Sebagai salah seorang yang ikut menggagas konsep filanesia, Tisha pun ikut bercerita bagaimana program itu dibentuk. Saat masih menjadi Sekjen PSSI, ia menyebut perkembangan filanesia sudah pada tahap pembentukan metode dasar yang sudah jadi. Tak hanya itu, ia menyebut filanesia kala itu sudah mulai diimplementasikan dalam kursus kepelatihan.

“Waktu dulu saya membangun itu bersama dengan teman-teman kepelatihan, saya apresiasi juga para pelatih ini juga sudah sangat banyak yang melakukan perkembangan. Itu harus kita tinjau ulang dan sempurnakan. Hal-hal seperti ini bukan magic box yang ada langsung menang. Jadi ini harus di-improve lagi,” Tisha mengisahkan.

Sementara itu, untuk perkembagan filanesia terkini, Direktur Teknik PSSI saat ini, Indra Sjafri, telah mengatakan pada akhir tahun lalu bahwa pengurus PSSI saat ini sedang melakukan upgrade kurikuum filanesia. Upaya tersebut melibatkan pemain dan pelatih Timnas, pelatih fisik, pelatih kiper, universitas, psikolog, hingga dokter.

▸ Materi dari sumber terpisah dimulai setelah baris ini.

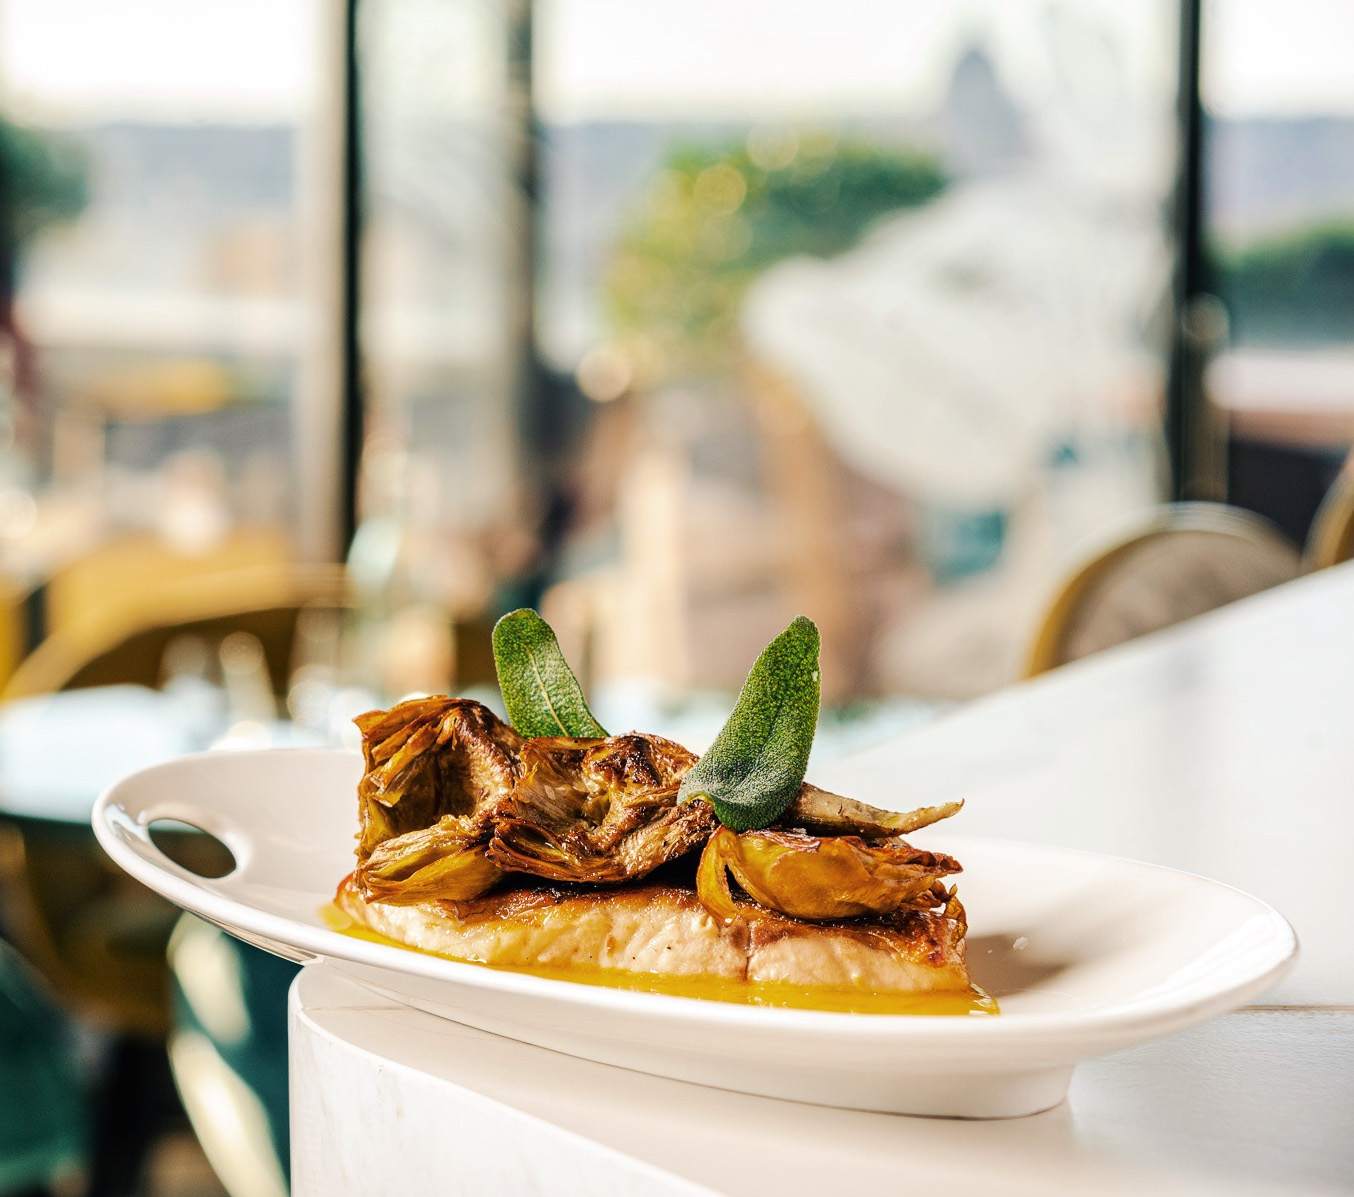 Guests staying at Sofitel Rome Villa Borghese now have the opportunity to bite down hard on Rome’s food scene with a new itinerary developed in conjunction with Davvero Rome, one of the city’s leading culinary influencers and tour guides.

Baca Juga: Ratu Tisha Terpilih Menjadi Wakil Presiden AFF

Dengan majunya Ratu Tisha sebagai cawaketum PSSI periode anyar ini, terbuka peluang filanesia akan jauh lebih dikembangkan lagi. Namun ia masih enggan memberi gambaran gamblang terkait upaya apa yang akan diambil andai menjadi waketum PSSI terpilih nanti.

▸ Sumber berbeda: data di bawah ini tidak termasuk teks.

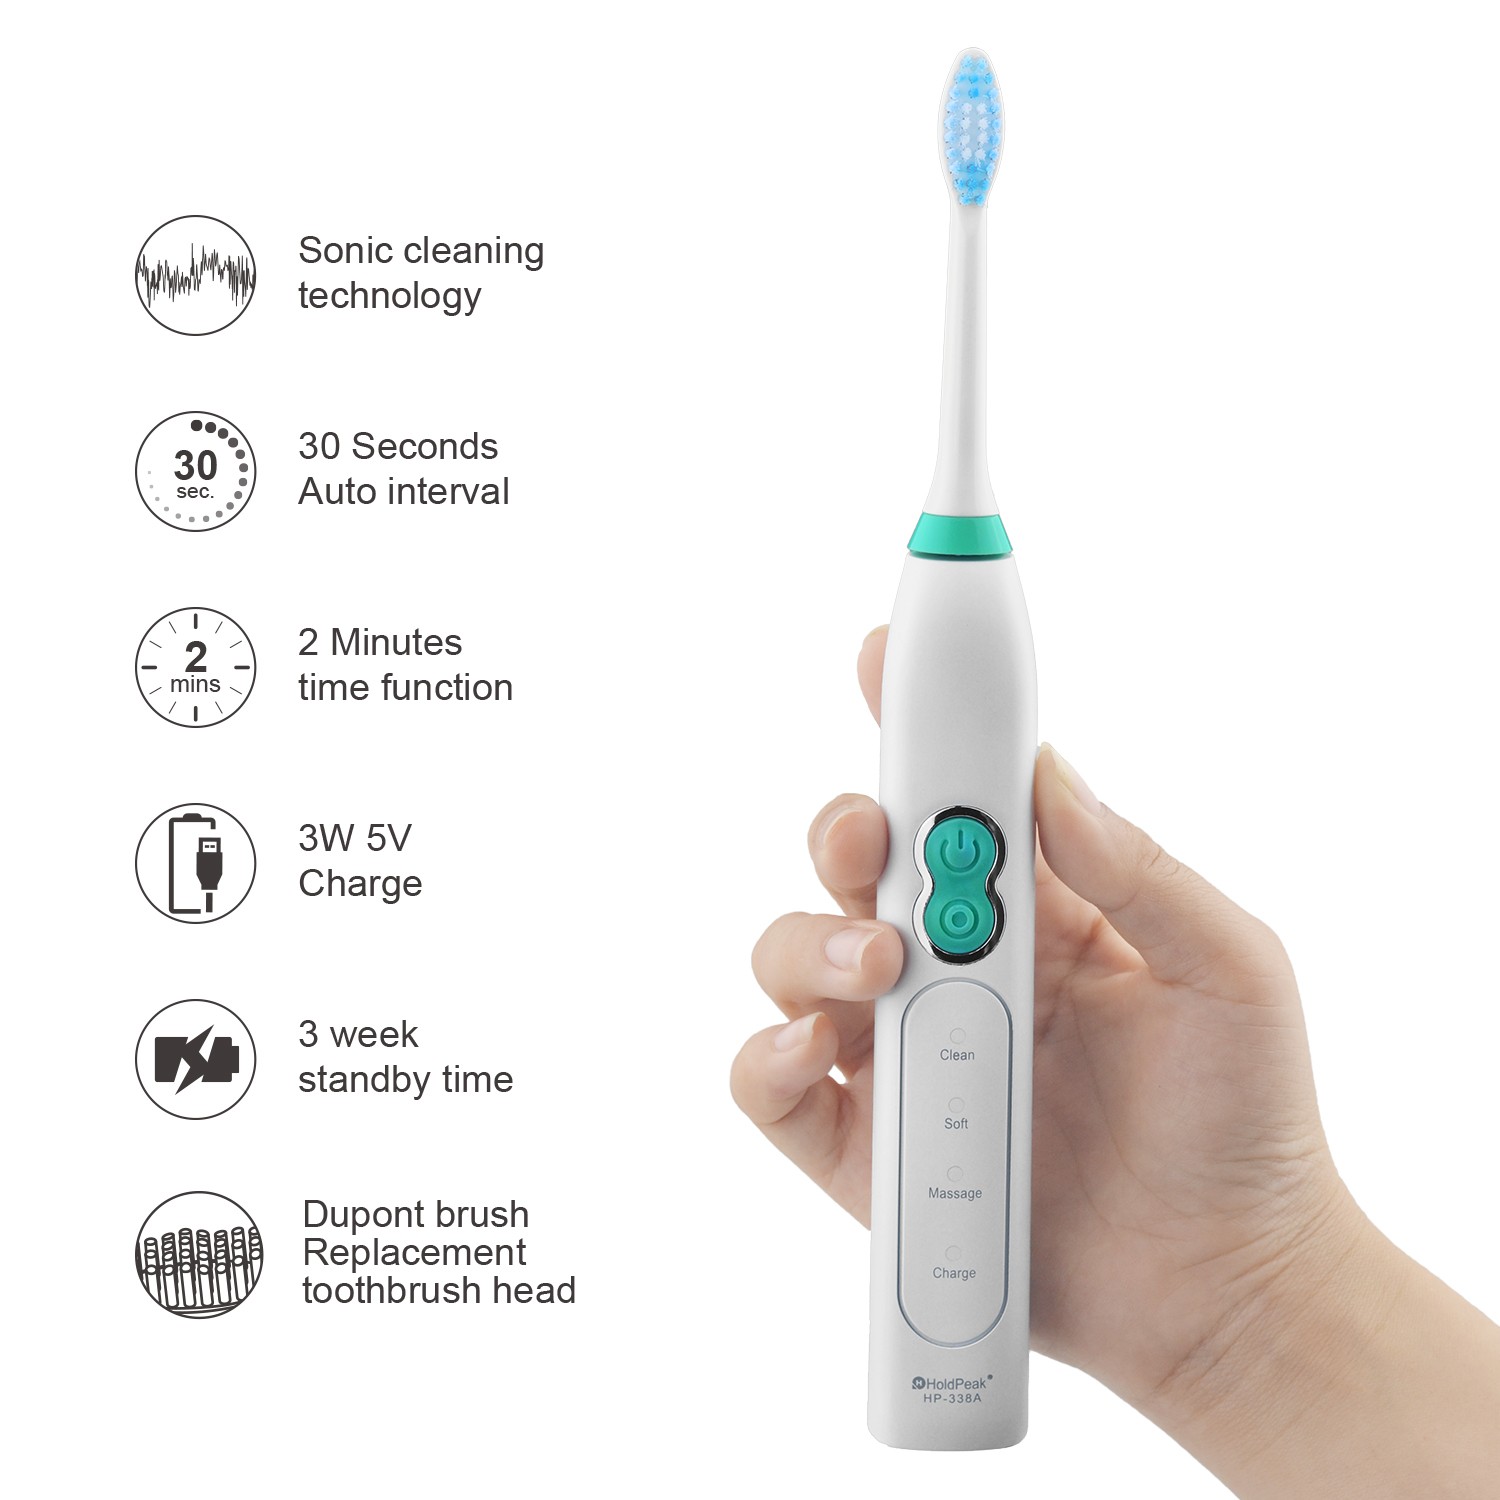 HoldPeak powerful original sonicare toothbrush for business for woman

Satu hal yang pasti, Tisha mengungkapkan tujuan utama dibentuknya filanesia adalah agar sepak bola Indonesia punya karakter permainan sendiri tanpa perlu menyontek gaya main negara lain. “Kita tidak bisa lagi bilang kita mengikuti gaya ini atau itu. Semua negara punya gaya bermain sepak bola masing-masing,” ujarnya.